**Action item**. Please write out the full listing beneath this line exactly, skipping its images.

**Supplied information**.

☆ ☆ ☆ ☆ ☆ ☆ ☆

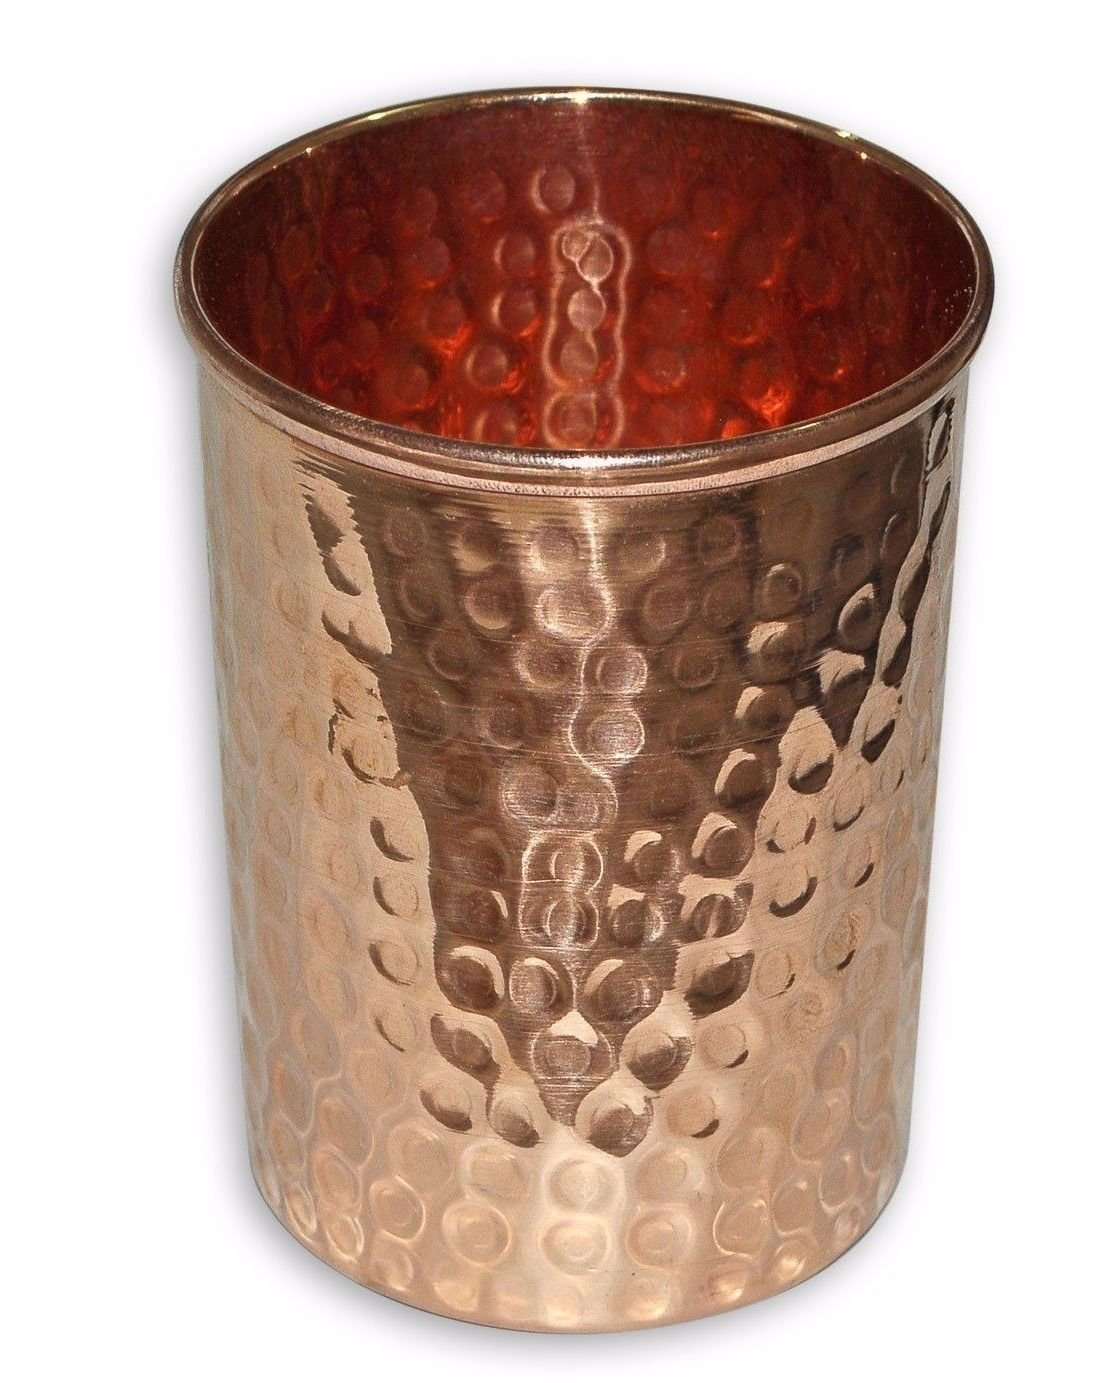 Rastogi Handicrafts Hammered Pure Copper 12 ltr. Water Pot Storage Tank - Tumble With Tap Kitchen Home Garden
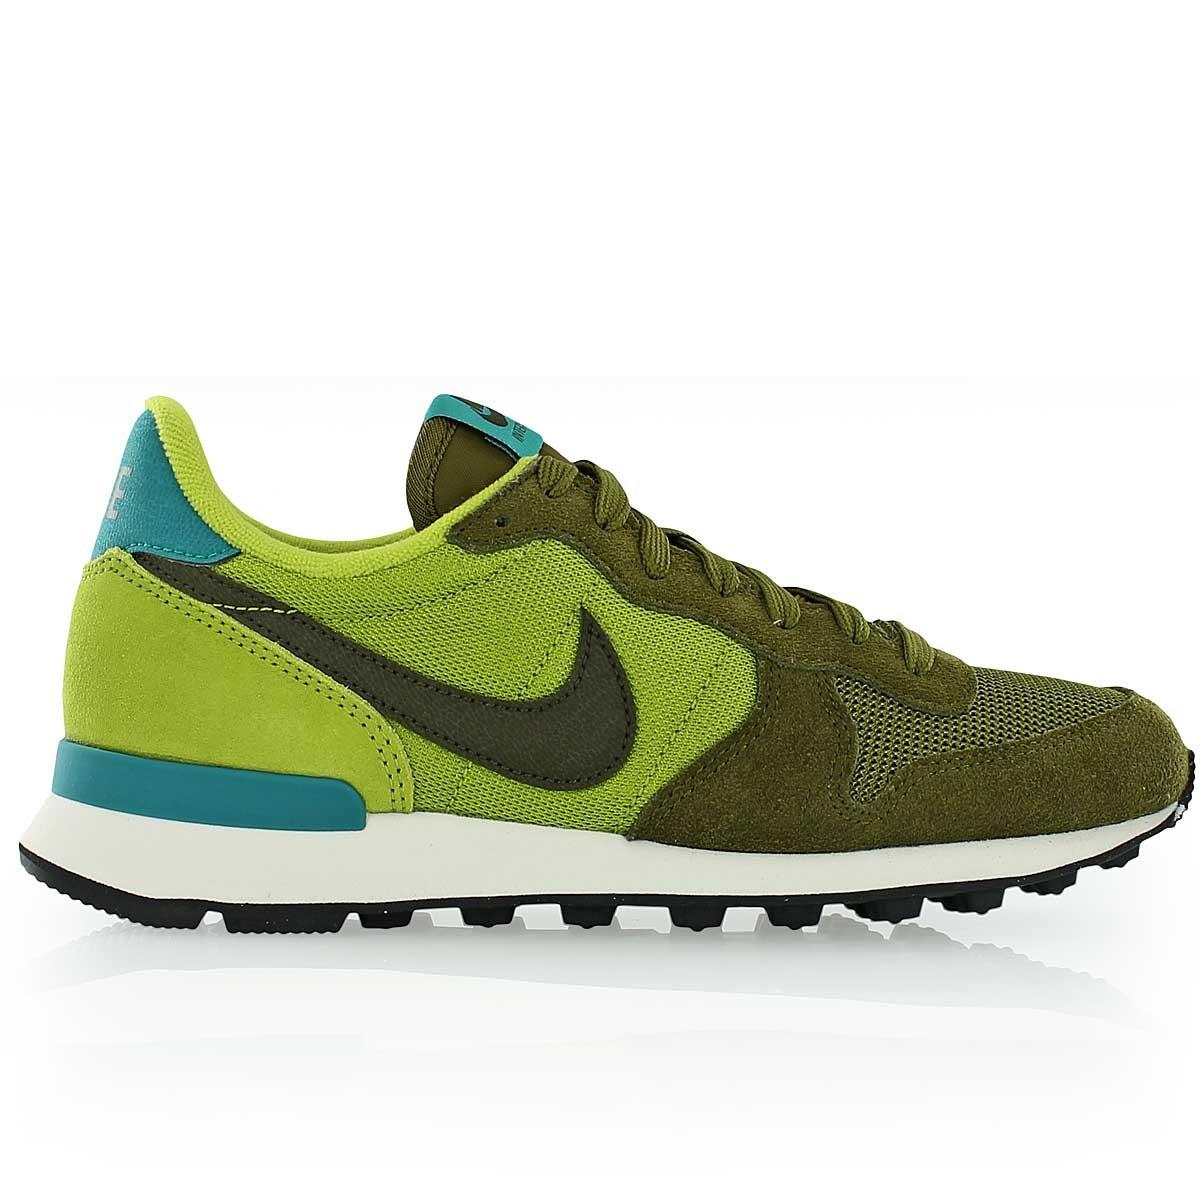 best service 9c8a3 7e204 Nike Inernationalist Women s Running Sneaker (5.5, Green)  Amazon.co.uk   Shoes   Bags
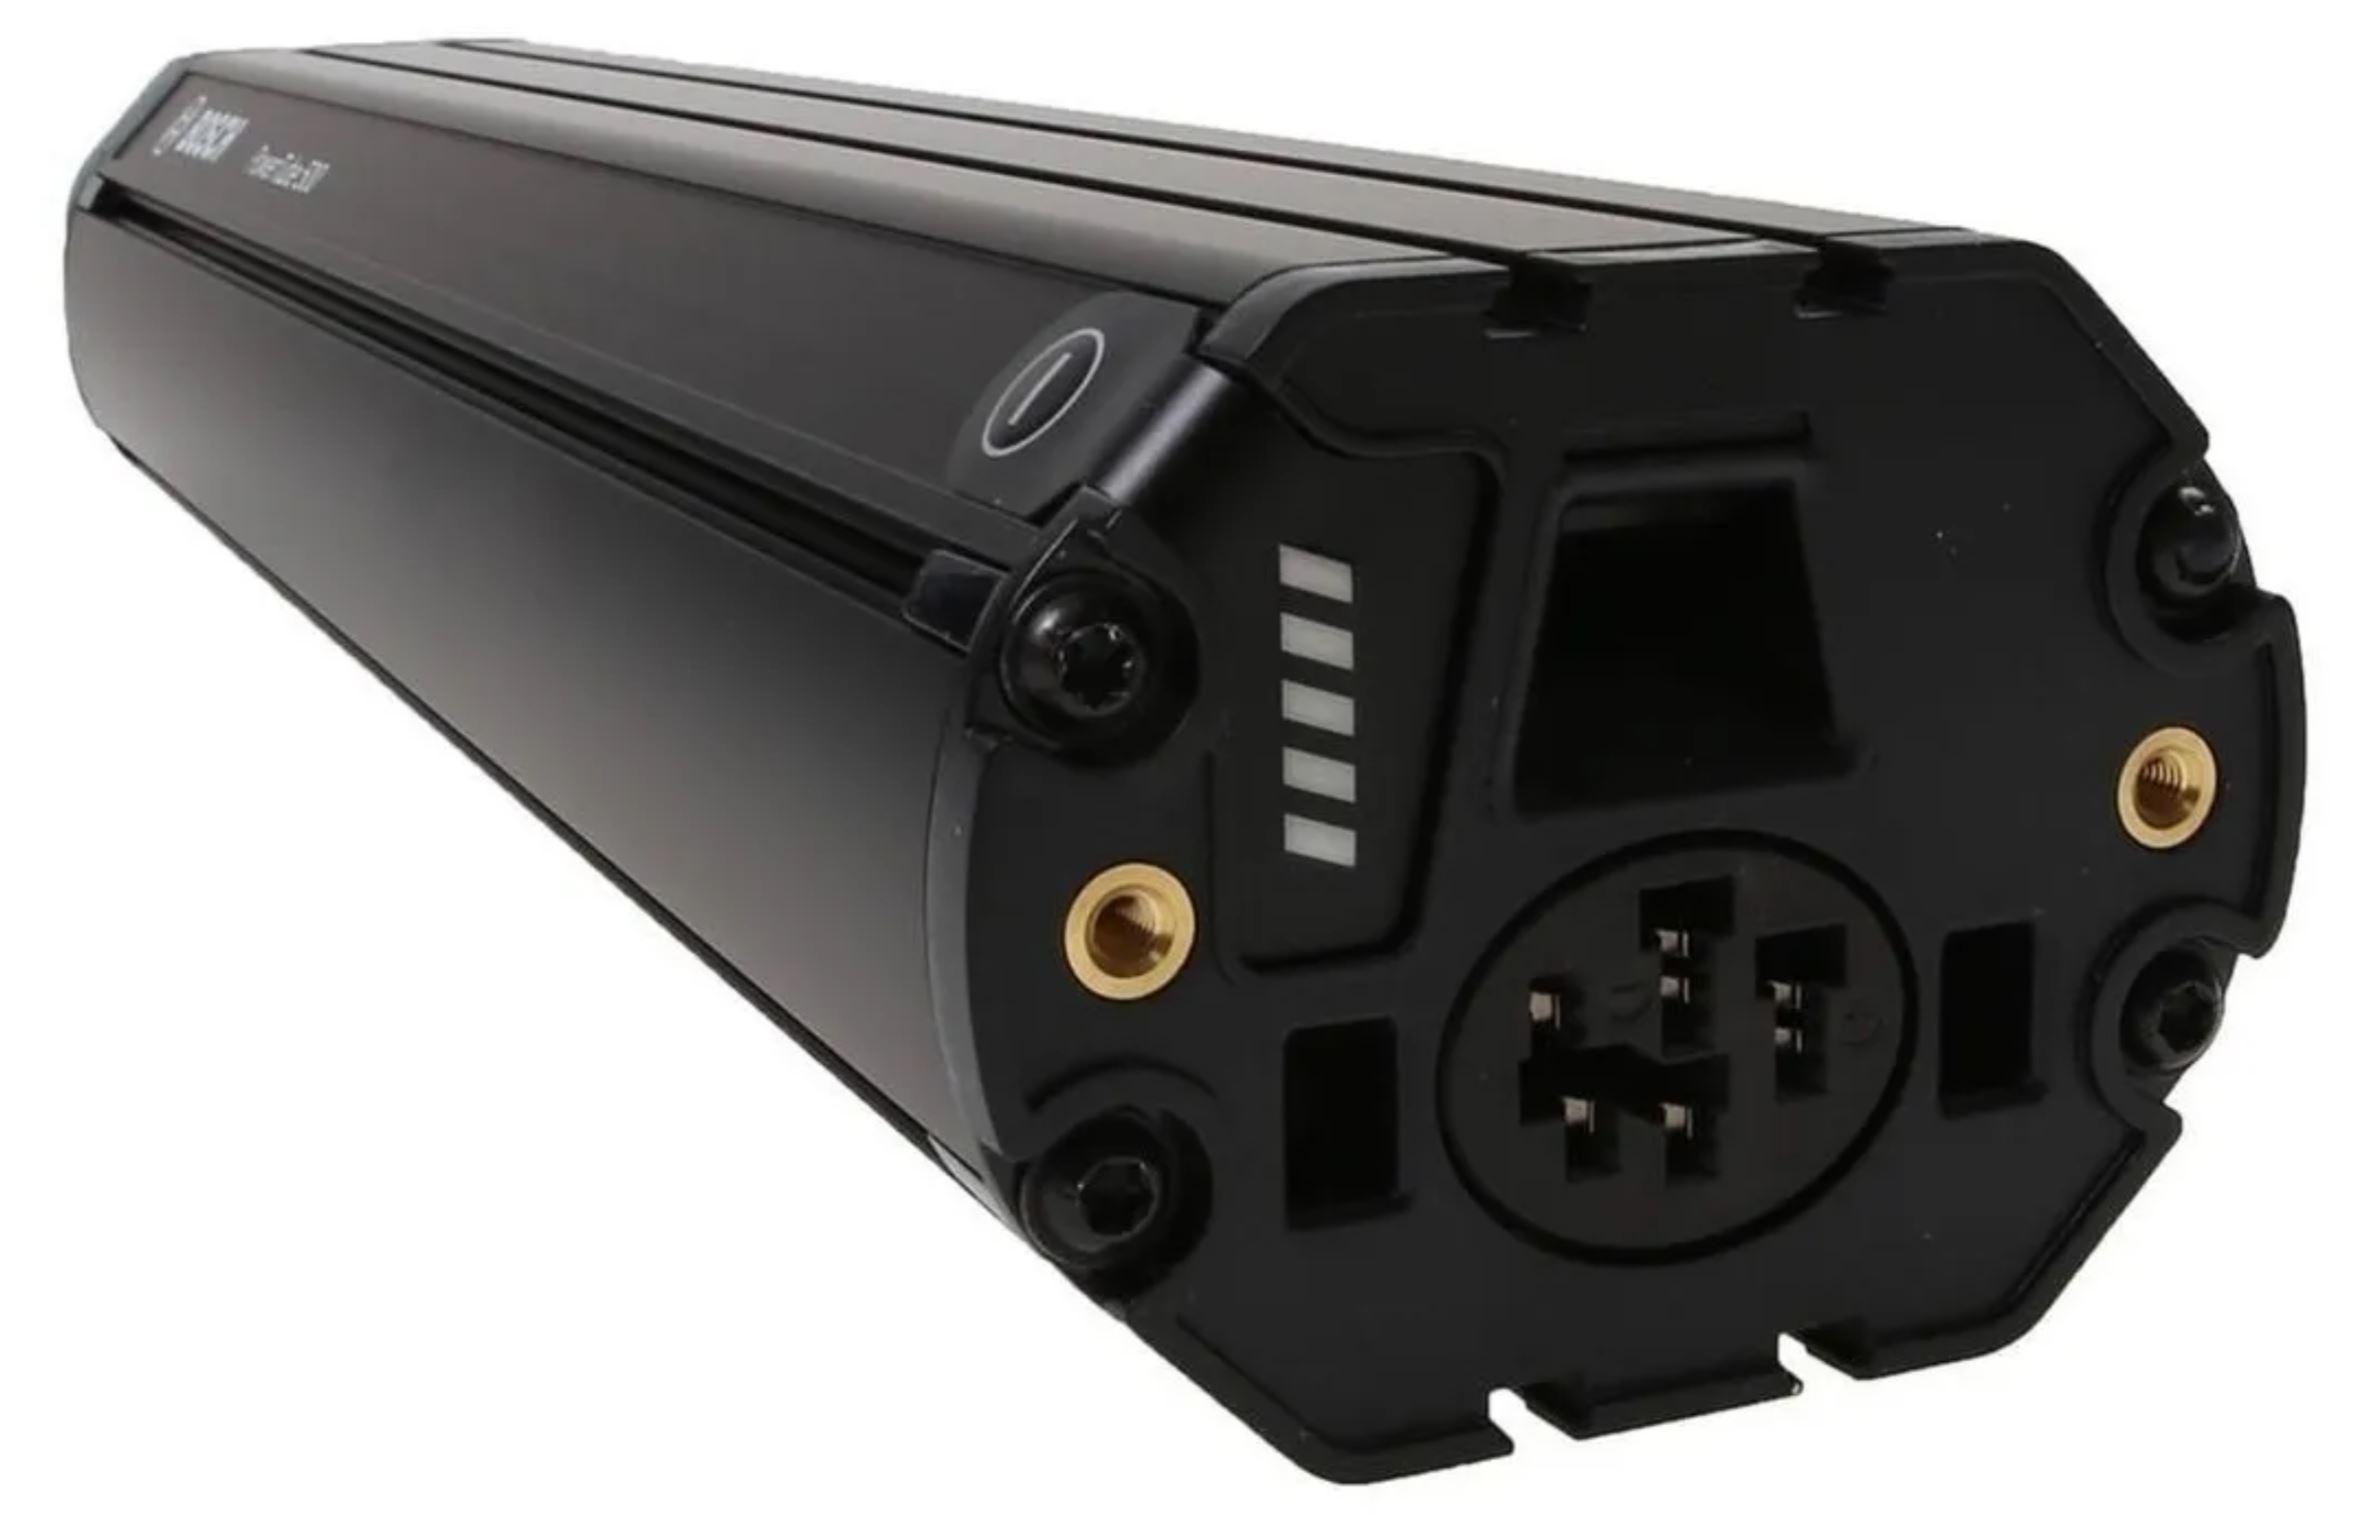 Bateria Bosch Powertube 500 horizontal MX 2021 Polanco

☆ ☆ ☆ ☆ ☆ ☆ ☆

**Solution to this problem**.
 Rastogi Handicrafts Hammered Pure Copper 12 ltr. Water Pot Storage Tank - Tumble With Tap Kitchen Home Garden
 best service 9c8a3 7e204 Nike Inernationalist Women s Running Sneaker (5.5, Green)  Amazon.co.uk   Shoes   Bags
 Bateria Bosch Powertube 500 horizontal MX 2021 Polanco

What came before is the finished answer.